Jagakarsa selama ini dikenal sebagai kawasan permukiman yang religius, tenang, dan memiliki ikatan sosial masyarakat yang kuat. Kehadiran THM di wilayah tersebut dinilai berpotensi menimbulkan keresahan sosial serta tekanan psikologis bagi masyarakat, khususnya orang tua dan generasi muda, akibat terganggunya rasa aman, kenyamanan lingkungan, dan ketenteraman sosial.
Ketua Umum DPW BKPRMI DKI Jakarta Nanang Jahidin menegaskan bahwa kebijakan perizinan THM tidak boleh hanya dilihat dari aspek ekonomi dan administrasi, tetapi harus mempertimbangkan secara serius dampak sosial, psikologis, dan moral masyarakat sekitar.

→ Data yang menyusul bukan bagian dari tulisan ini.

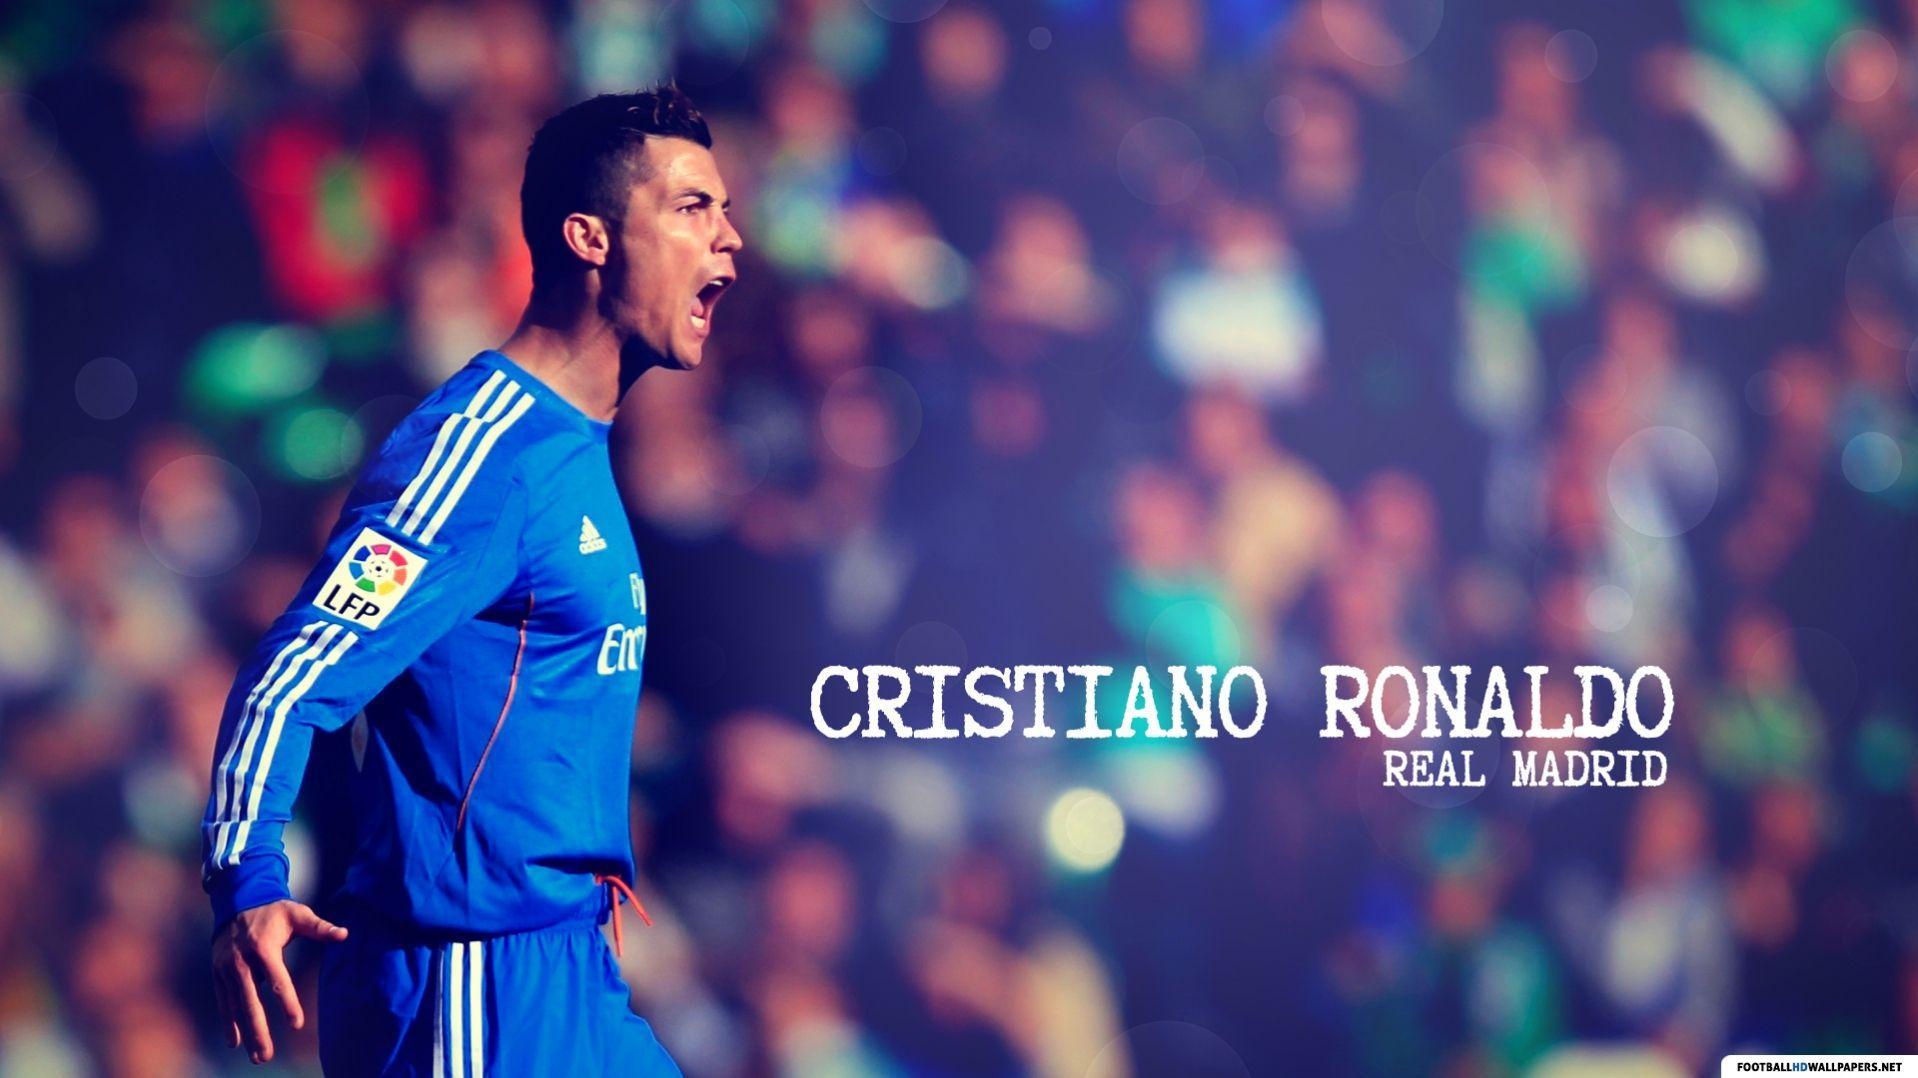 Cristiano Ronaldo Cool Wallpapers

“Kami menilai keberadaan THM di dekat kawasan permukiman dan lingkungan yang berbudaya berisiko menimbulkan konflik nilai, kecemasan kolektif, serta degradasi moral yang berdampak langsung pada pembinaan generasi muda,” tegasnya.
BKPRMI DKI Jakarta juga menyoroti pentingnya kesesuaian kebijakan publik dengan nilai agama, budaya, dan karakter sosial masyarakat lokal. Pemberian izin tanpa pelibatan aktif warga dan tokoh masyarakat berpotensi menurunkan kepercayaan publik terhadap pemerintah serta memicu ketegangan sosial di tingkat akar rumput.

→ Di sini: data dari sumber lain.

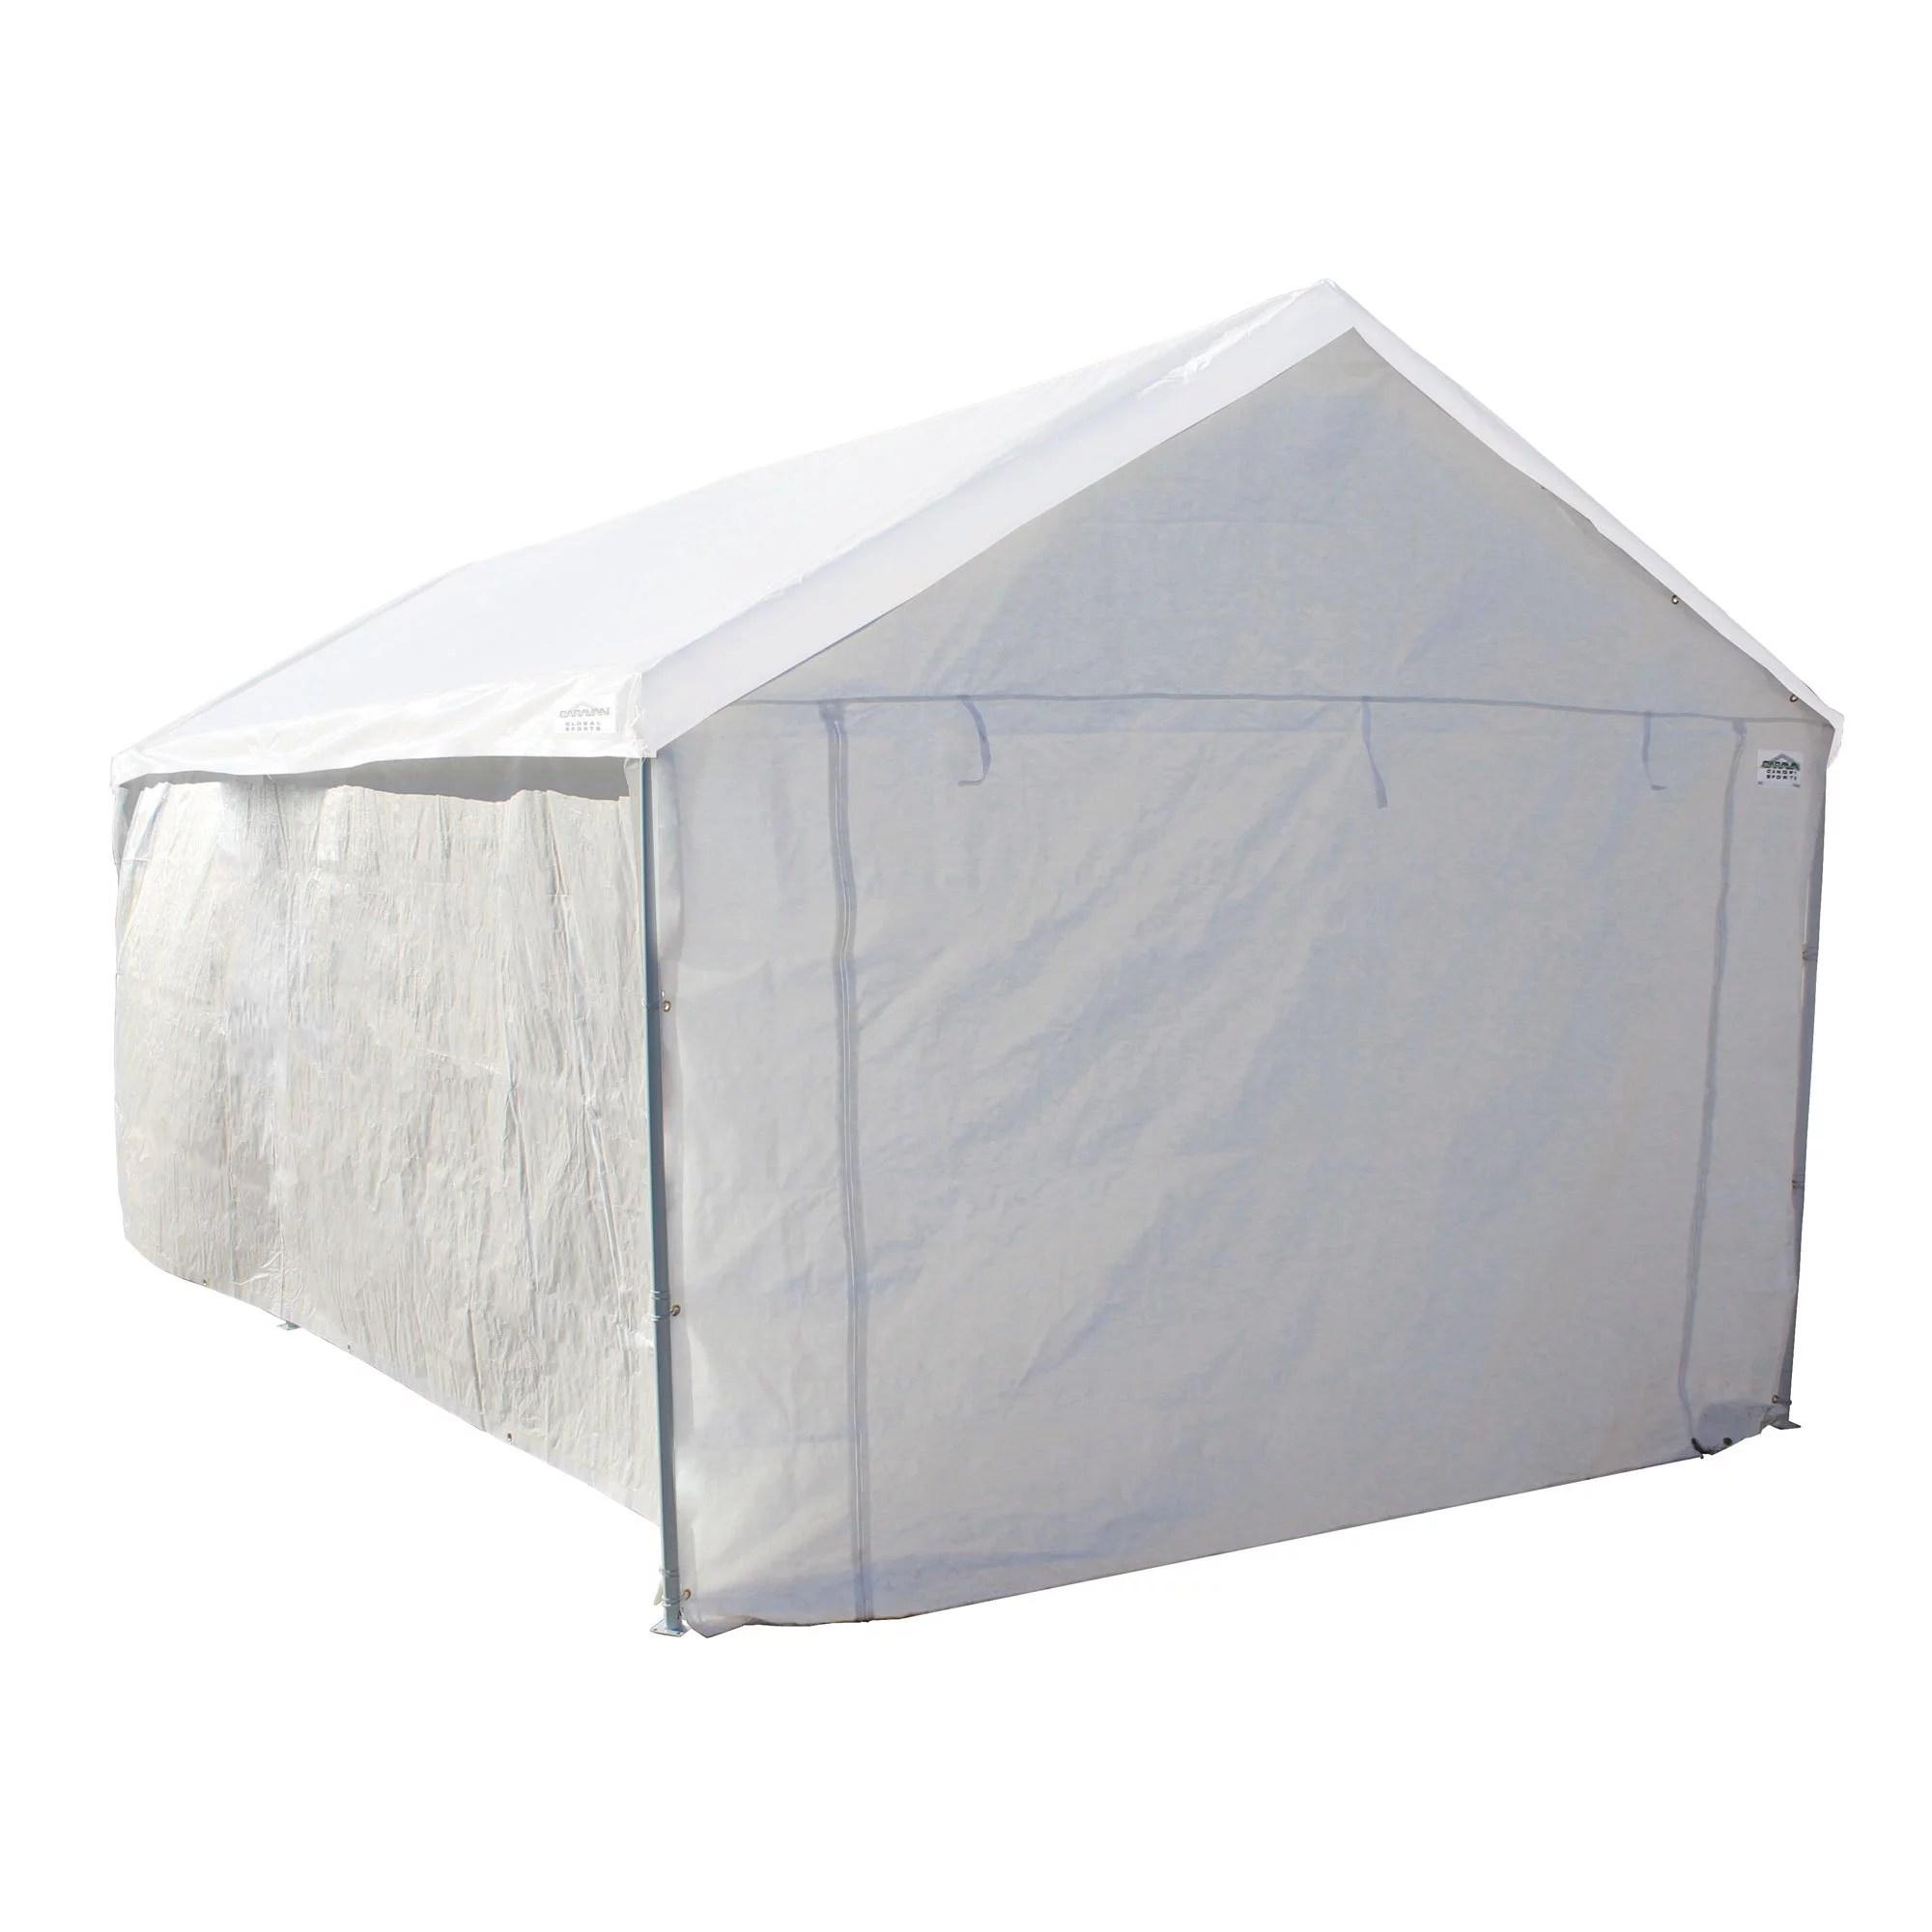 Caravan Canopy 10 X 20 Domain Carport Garage With SidewallEnclosure Value Bundle

Oleh karena itu, BKPRMI DKI Jakarta mendesak Pemerintah Provinsi DKI Jakarta, khususnya Dinas Pariwisata, untuk melakukan evaluasi menyeluruh terhadap izin THM di Jagakarsa, membuka ruang dialog yang transparan dan partisipatif, serta menyusun kajian dampak sosial-psikologis secara komprehensif.

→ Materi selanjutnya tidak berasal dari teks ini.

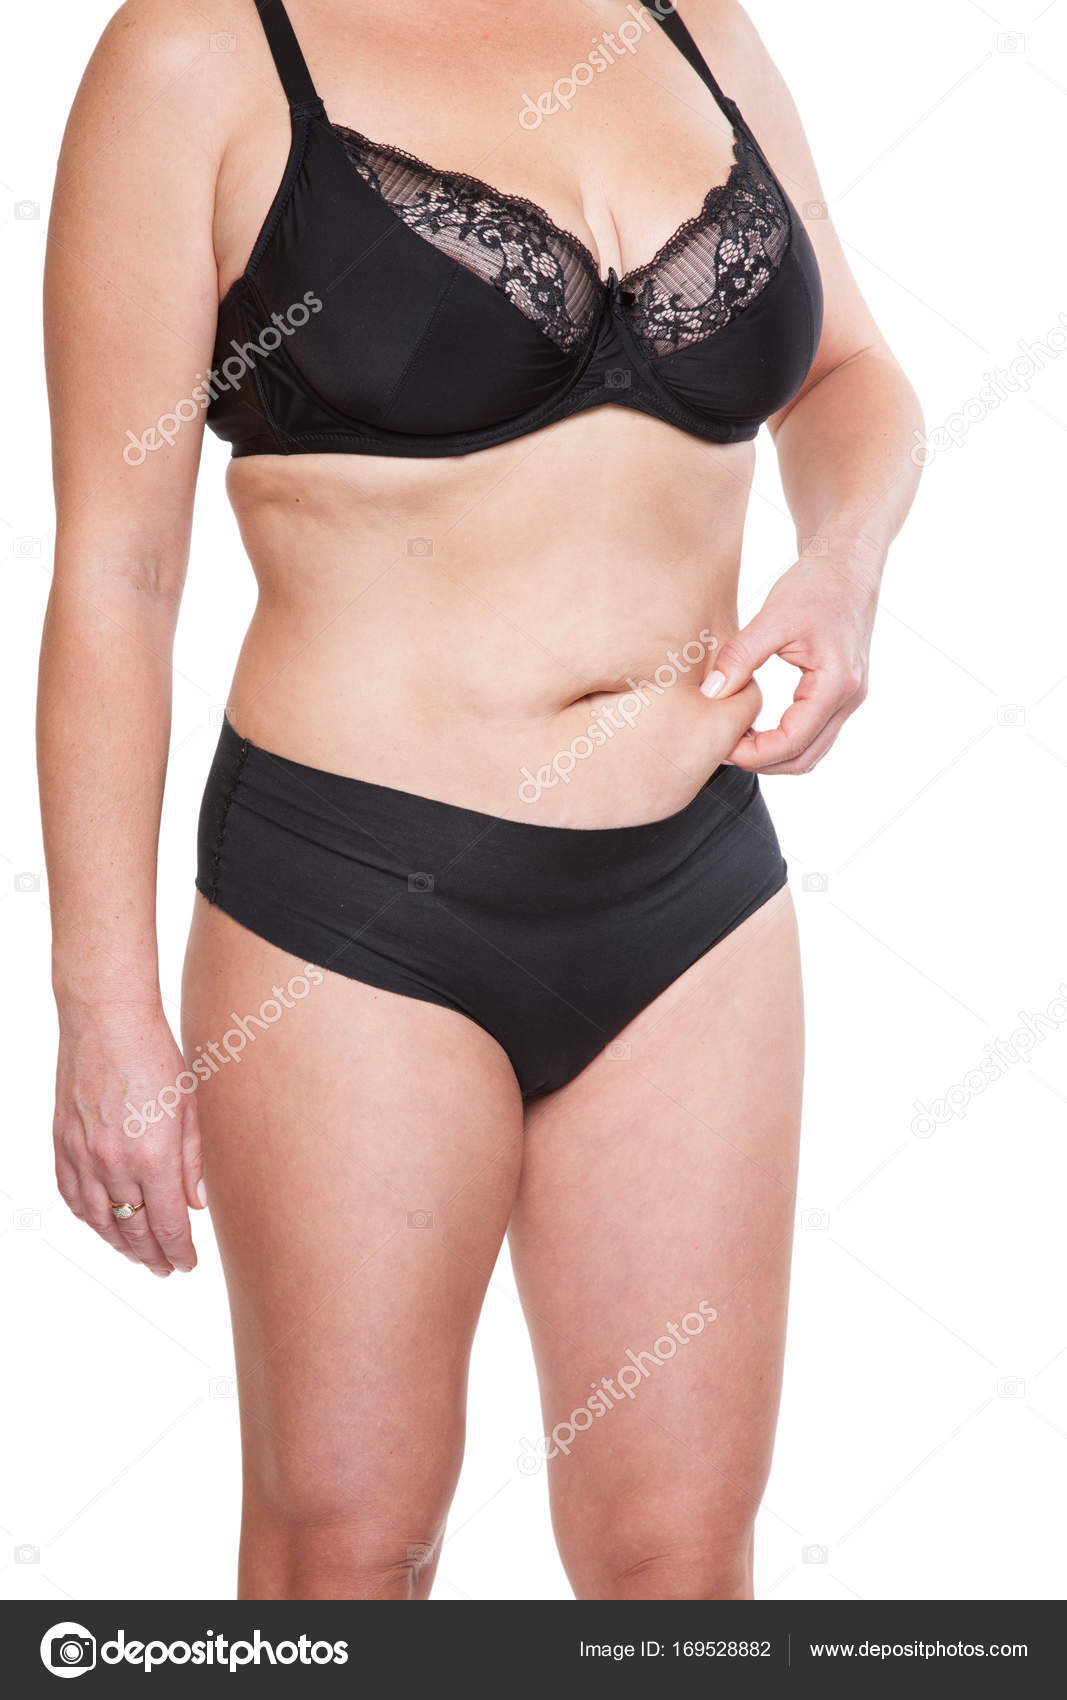 Chubby woman pinching belly– stock image

Sebagai ormas Islam yang fokus pada pembinaan pemuda dan penguatan peran masjid, BKPRMI DKI Jakarta menegaskan komitmennya untuk terus bersinergi dengan pemerintah dan masyarakat dalam menjaga ketertiban umum, nilai keislaman, serta masa depan generasi muda Jakarta.